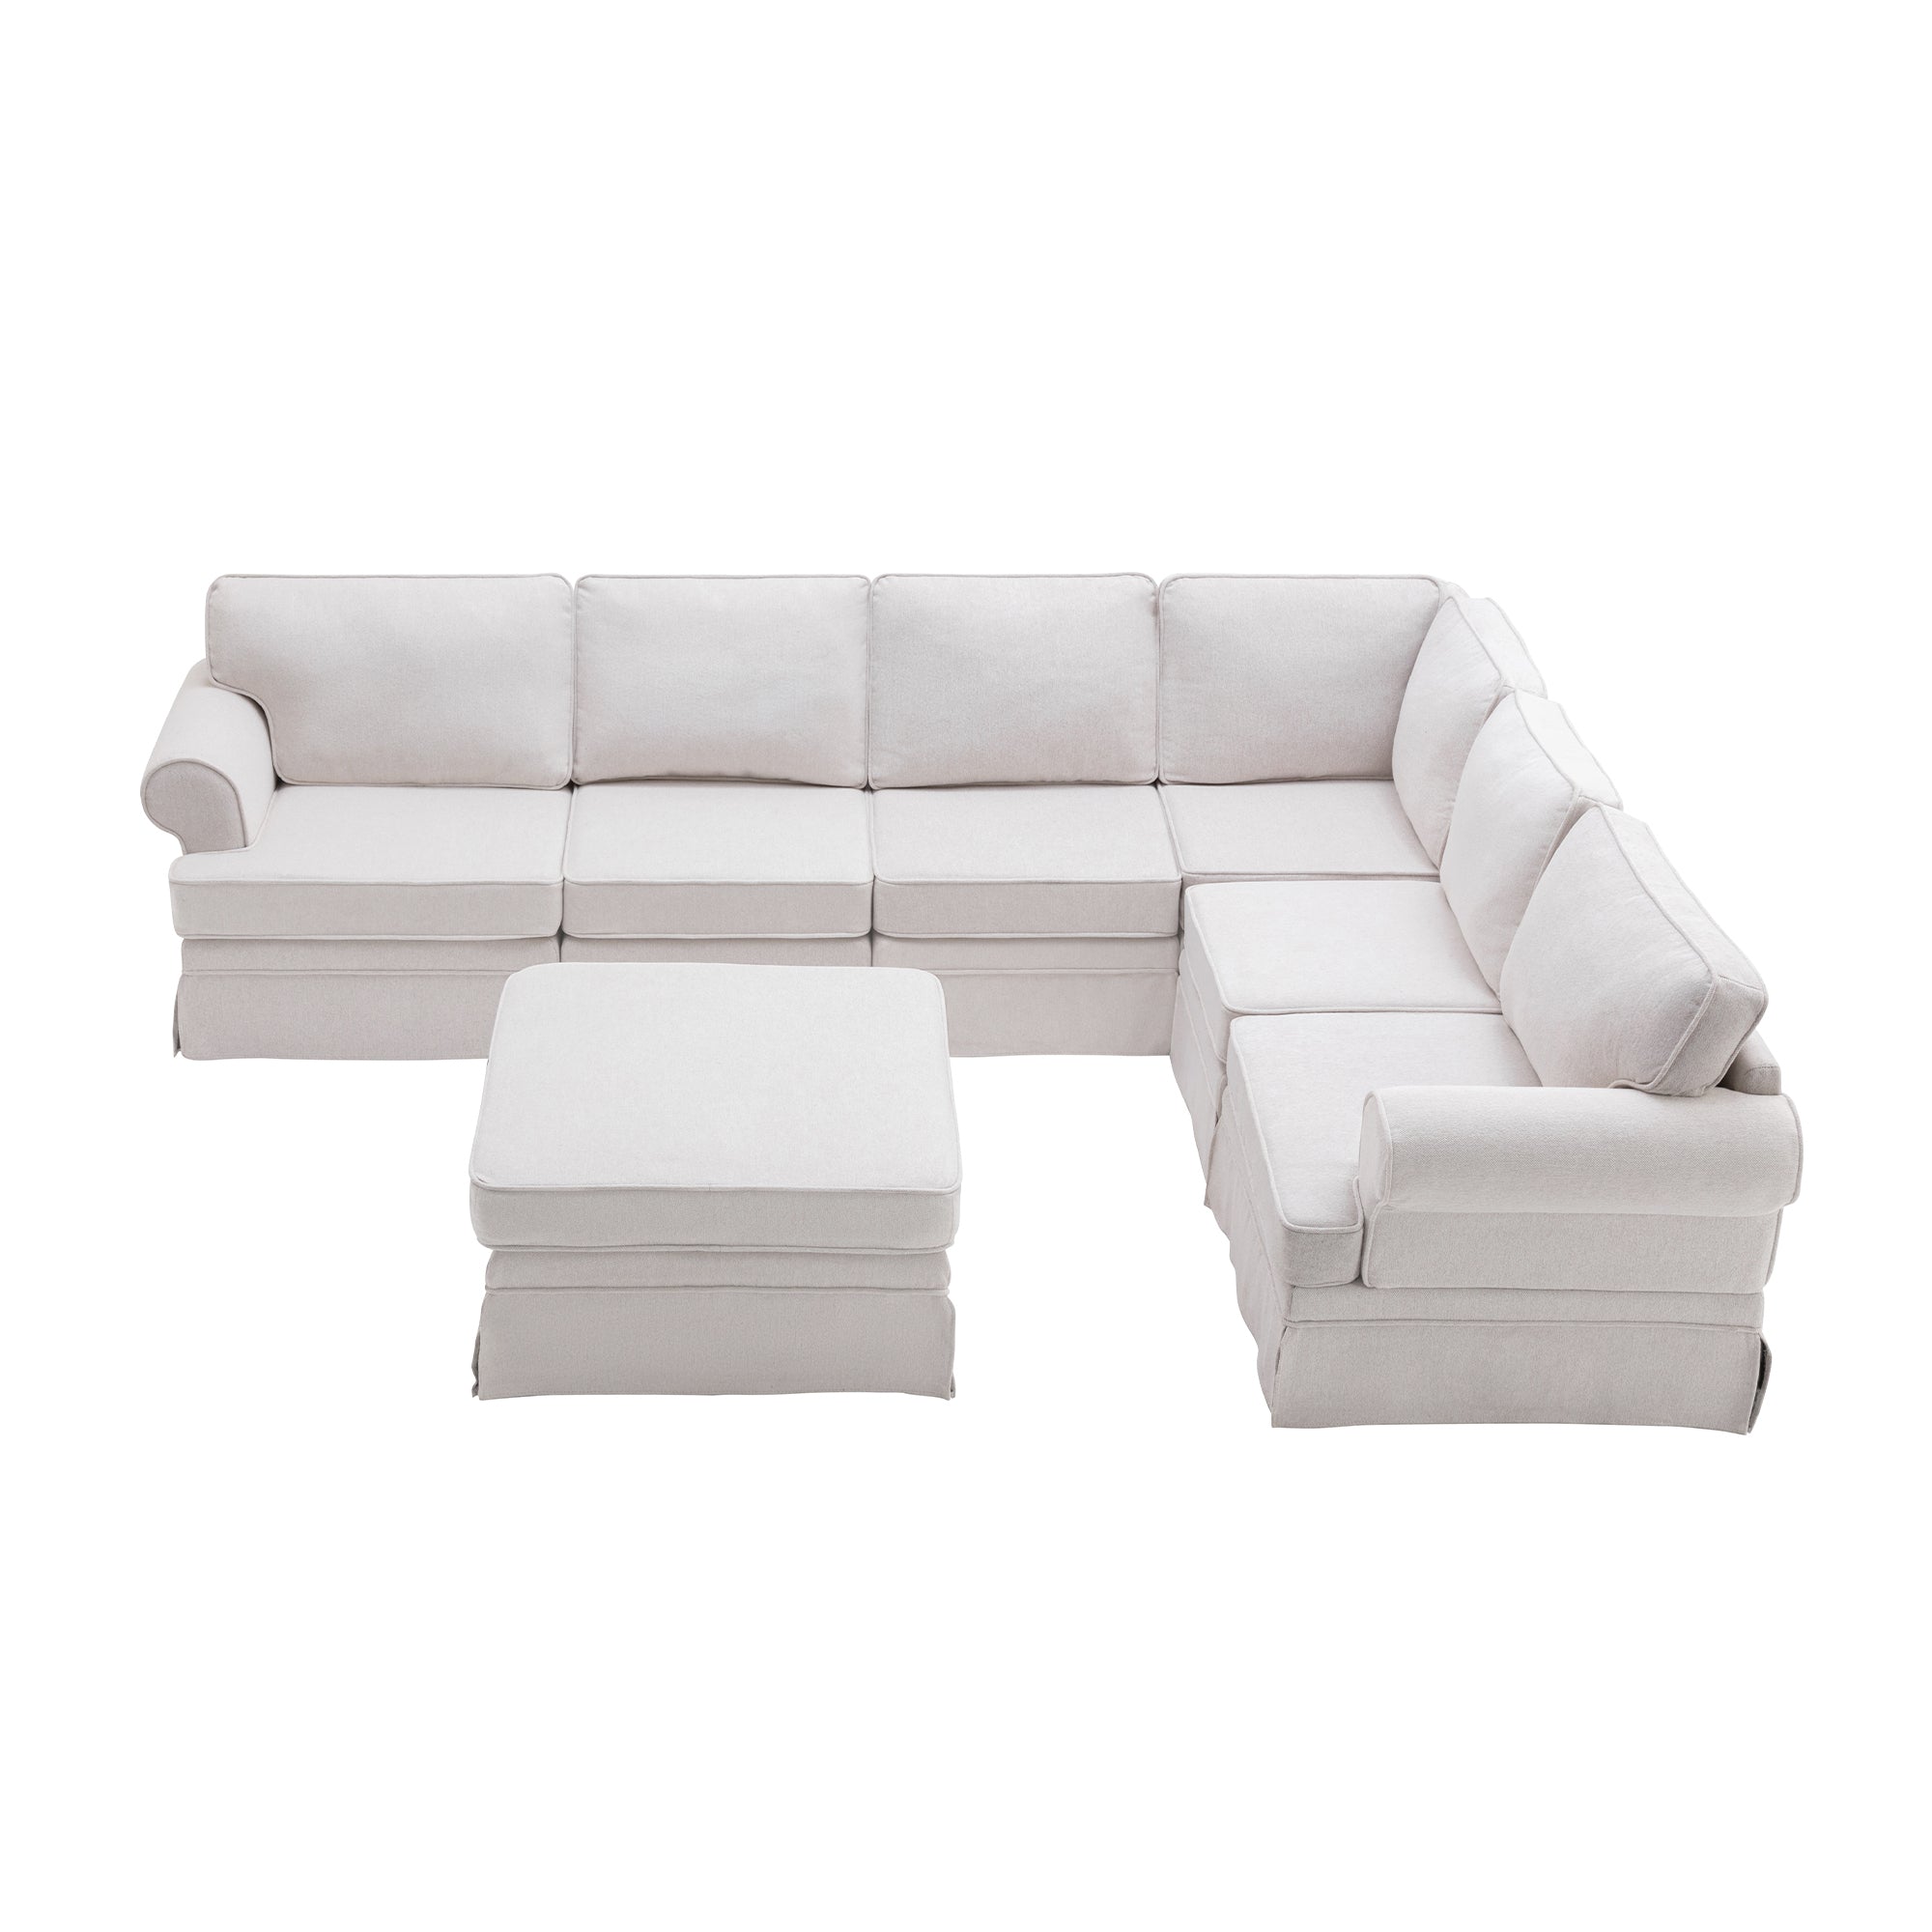 109.4" Fabric Upholstered Modular Sofa Collection, Sectional Couch with removable Ottoman  - Light Beige
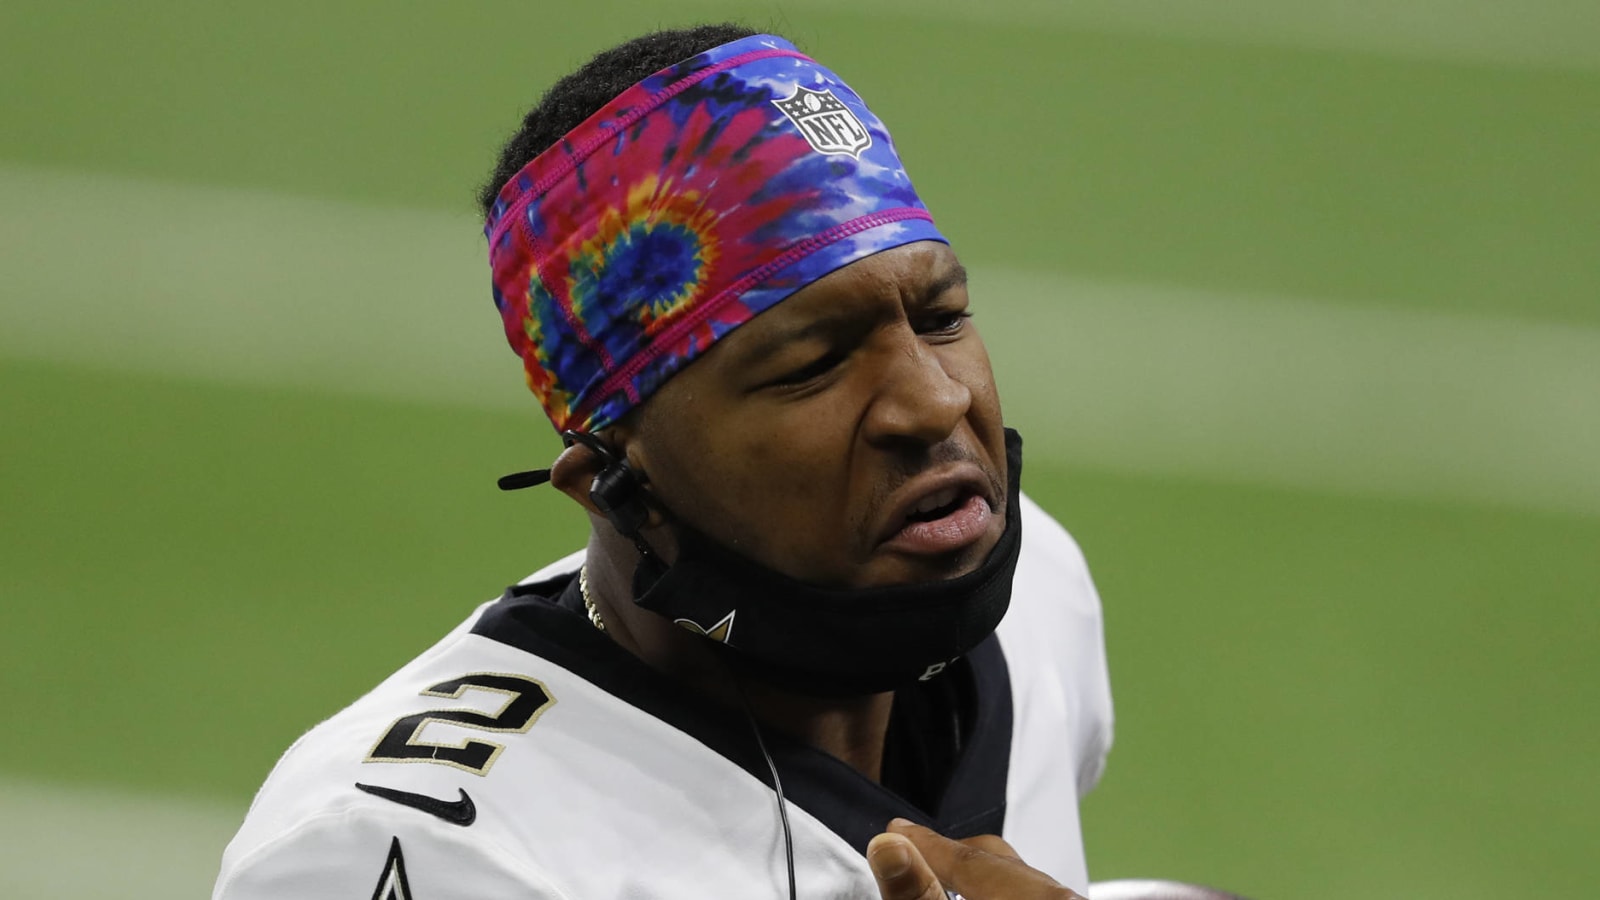 Jameis Winston's weirdly funny warm-up routine going viral
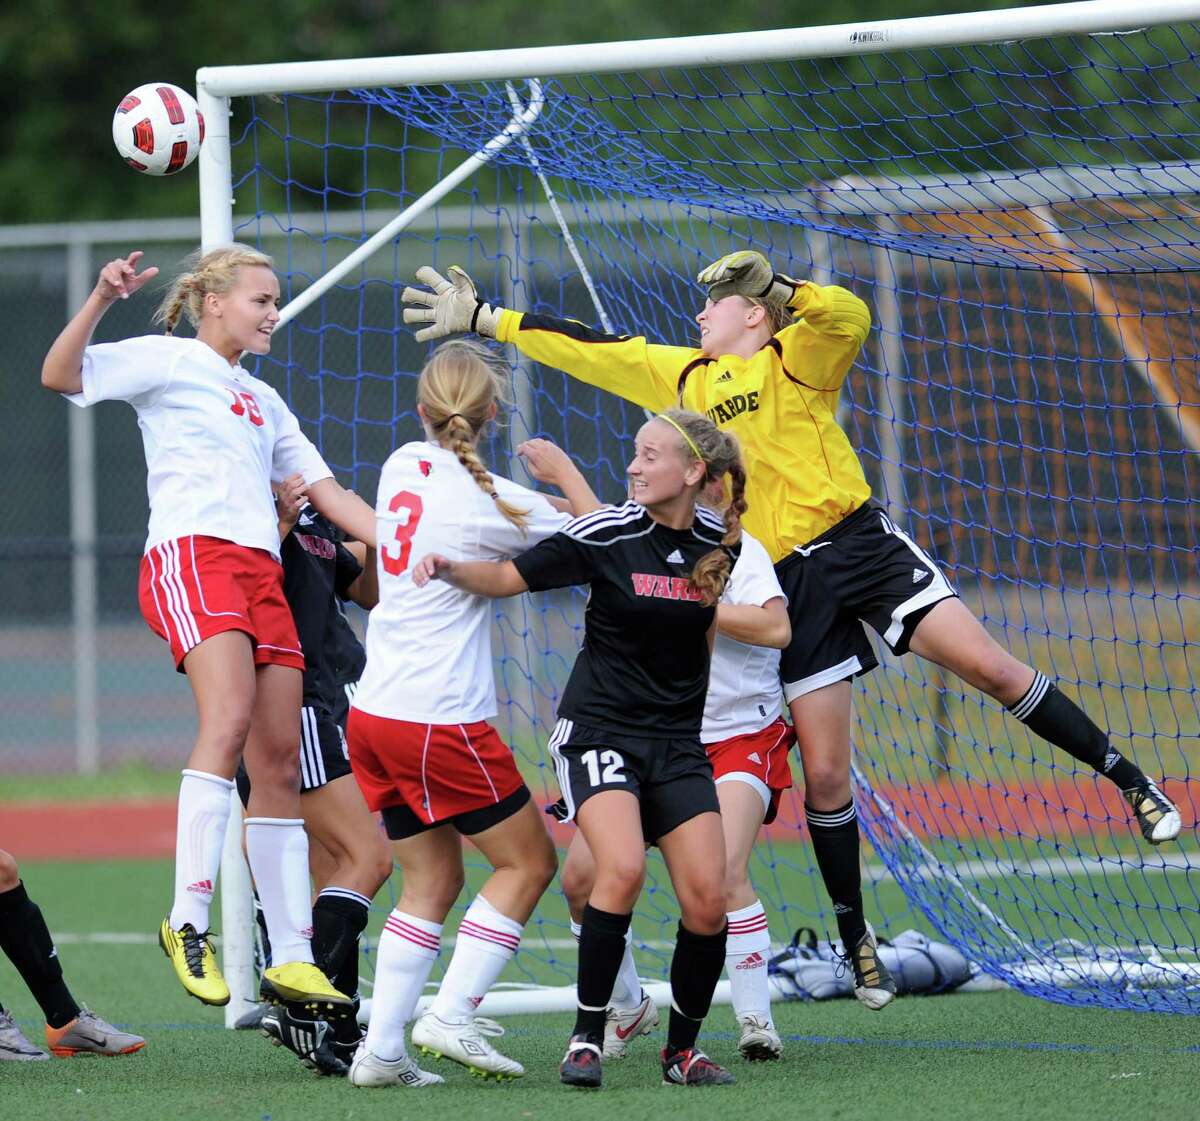 All-FCIAC goalie Katie Brennan, in yellow, reaching for the ball, again backstops a strong Fairfield Warde defense that has the Mustangs expecting big things in 2013.

• **REQUIRED ACTION**:
Copy every line of the data word for word, omitting the images.

• **RESPONSE AREA**:
 109.4" Fabric Upholstered Modular Sofa Collection, Sectional Couch with removable Ottoman  - Light Beige
 Jameis Winston's weirdly funny warm-up routine going viral
 All-FCIAC goalie Katie Brennan, in yellow, reaching for the ball, again backstops a strong Fairfield Warde defense that has the Mustangs expecting big things in 2013.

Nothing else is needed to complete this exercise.